JP 2004-17374 A (summary column, FIG. 1) JP 2000-133934 A (paragraph 0013, FIG. 2)

  In the paste filling to the micro via hole disclosed in the above-mentioned Patent Document 1, the corner surface contacting the squeegee base material is rounded so that the paste surface in the via hole is not removed, so that the micro via hole is sufficient. The paste amount can be filled. However, for example, in filling a via hole formed in a green sheet as a base material with a diameter of about 100 to 200 μm, a dent in the via hole portion after filling does not require a plurality of printings. There are few, and the dent in the via hole part after filling becomes large.

  If the dent in the via hole after filling is large, it causes a connection failure of the wiring in the via hole, and if the number of times of printing is increased in order to realize a predetermined paste filling amount, the productivity is lowered. In addition, the increase in the number of times of printing has a problem that the paste rushes to the back surface of the mask, the via hole diameter increases (bleeds) in the printed pattern, and the print quality is deteriorated.

  In addition, the paste filling method disclosed in Patent Document 2 uses a sword squeegee as a squeegee, and promotes the rolling property of the paste by attaching the sword squeegee to the mask surface so as to improve the paste filling property. It is. However, in this method, the fillability is improved by tilting the squeegee with respect to the mask surface, but the pressure applied to the squeegee during printing (filling) is applied to the shape of the filled via hole. However, there is a problem that the squeegee is hardly inclined and the filled via hole shape varies.
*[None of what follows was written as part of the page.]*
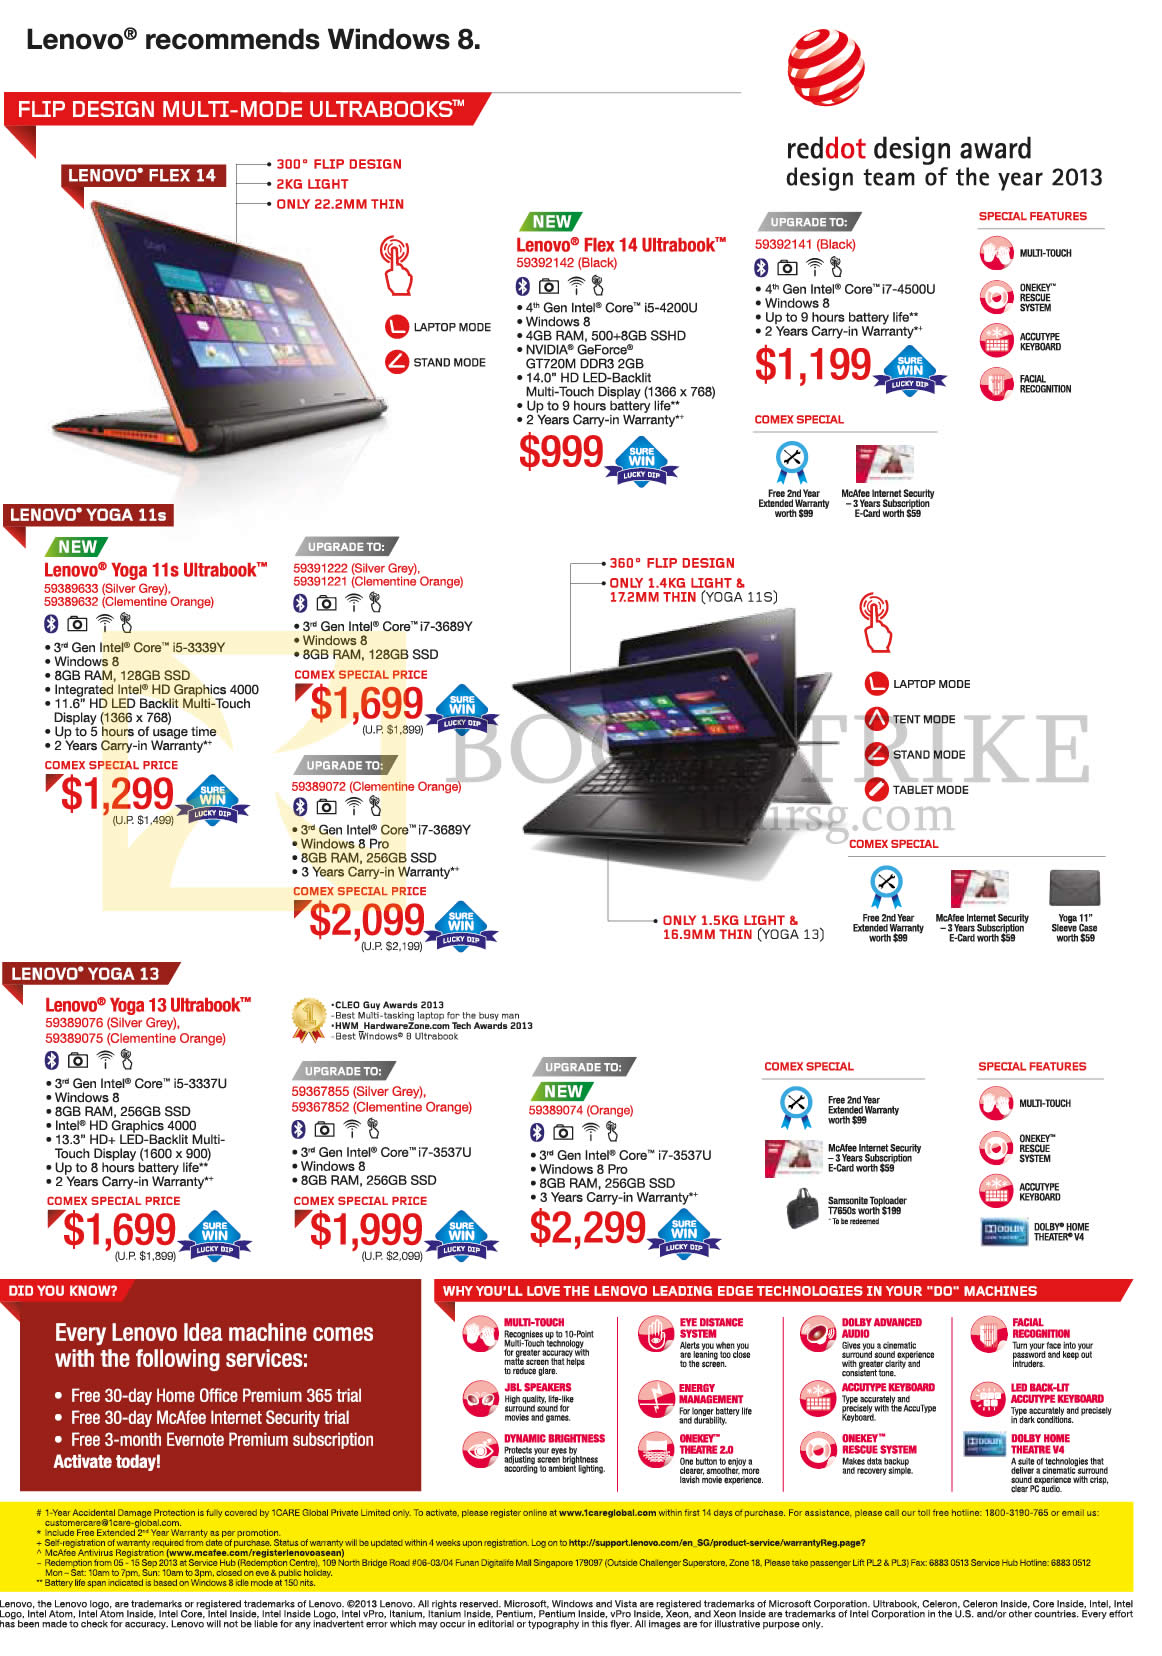 COMEX 2013 price list image brochure of Lenovo Notebooks Flex 14, Yoga 11s, Yoga 13

In addition, it is difficult to apply printing pressure (squeegee pressure) to suppress variation in shape, and in addition, the squeegee deforms due to squeegee pressure and fills the pattern shape (via hole diameter, via hole dent amount). There is a problem that variation occurs.

  The present invention has been made to solve the above problems, and an object of the present invention is to provide a paste-like material filling squeegee that uniformly fills a via hole formed in a substrate. .

Another object is to provide a paste-like material filling how to improve the stability of the paste filling quality of the via holes formed in the substrate.

The squeegee for filling paste-like material according to the present invention fills the paste-like material by applying a certain pressure to the mask when filling the via-hole formed in the base material via the mask. A paste-like material filling squeegee that is used to advance at a constant speed along the mask while extruding in a direction ,
The cross-sectional shape of the squeegee that is in contact with the mask is configured such that, when the squeegee axis is perpendicular to the mask, the angle formed with the mask is different from the left and right, and the squeegee axis is perpendicular to the mask. In this state, the angle formed between the surface on the side touching the paste-like material and the mask is a contact angle, and the angle between the surface on the side where the squeegee does not touch the paste-like material and the mask is the anti-contact angle. The contact angle is configured to be greater than the anti-contact angle, the squeegee tip angle of the squeegee is set to 110 degrees to 130 degrees, and the squeegee surface on the side of the squeegee that contacts the pasty material And the angle between the mask and the mask is set to 20 degrees to 40 degrees .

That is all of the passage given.